▶ _Task objective_:
What you return should be the complete listing, unchanged, with no pictures in it.

▶ _Supplied material_:
──────

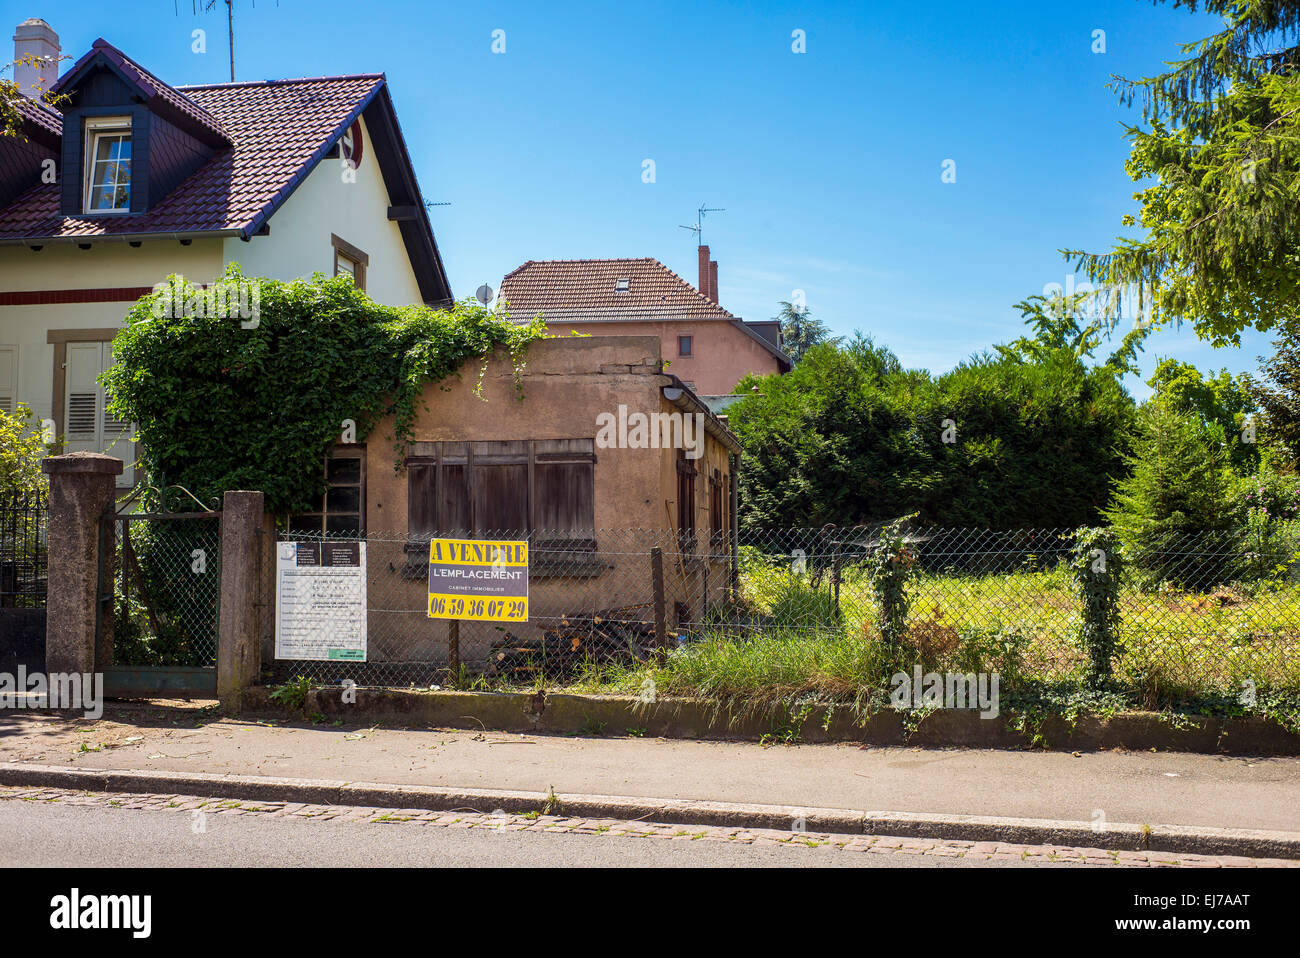 Verlassene kleine Gebäude zum Verkauf, A Vendre Zeichen, Straßburg, Elsass, Frankreich, Europa Stockfoto
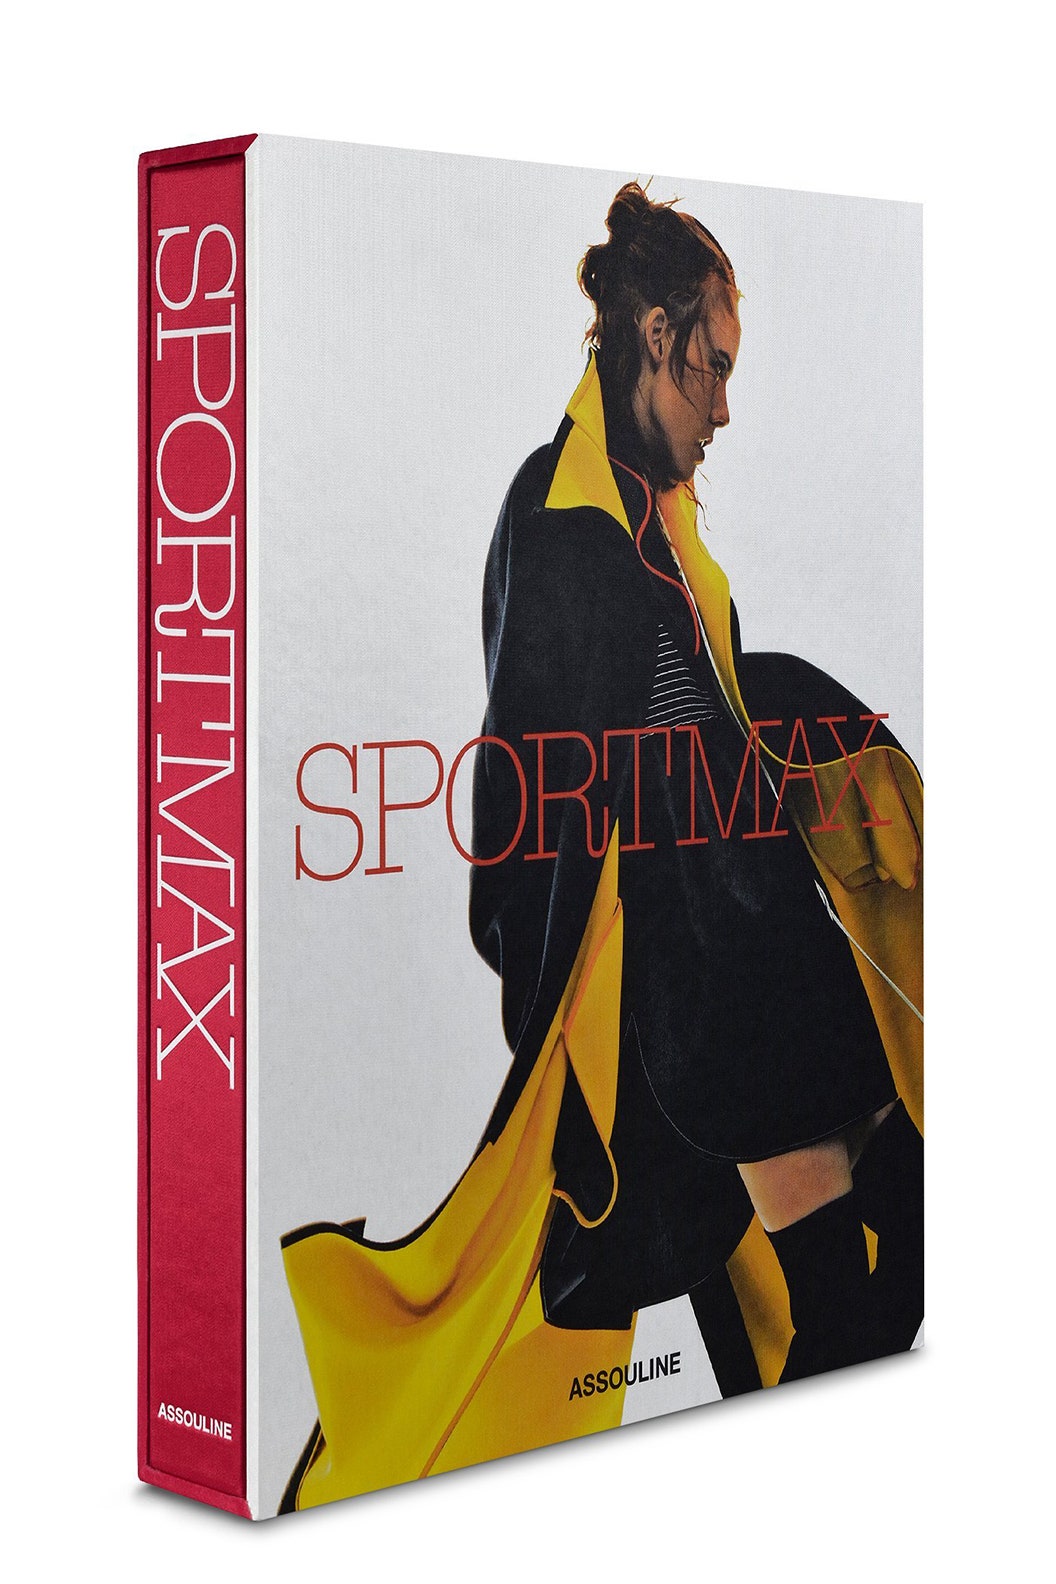 Sportmax отмечают 50летие объемной настольной книгой
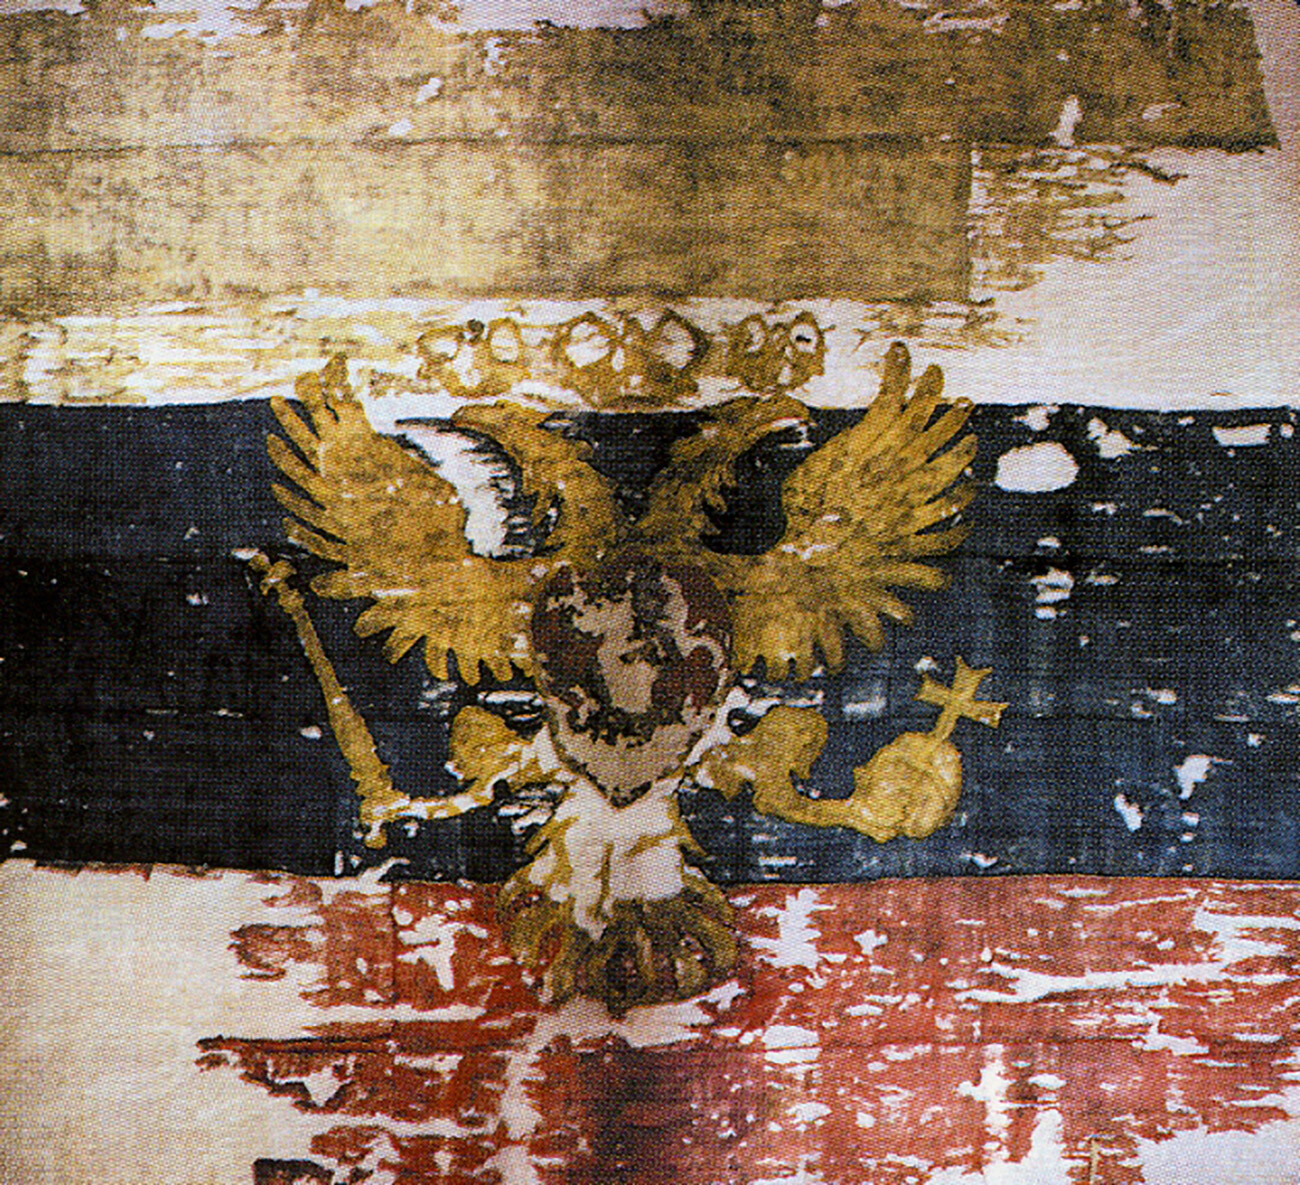 La più antica copia della “bandiera dello zar di Mosca”

──────

▶ _Solution to the problem_:
 Verlassene kleine Gebäude zum Verkauf, A Vendre Zeichen, Straßburg, Elsass, Frankreich, Europa Stockfoto
 Sportmax отмечают 50летие объемной настольной книгой
 La più antica copia della “bandiera dello zar di Mosca”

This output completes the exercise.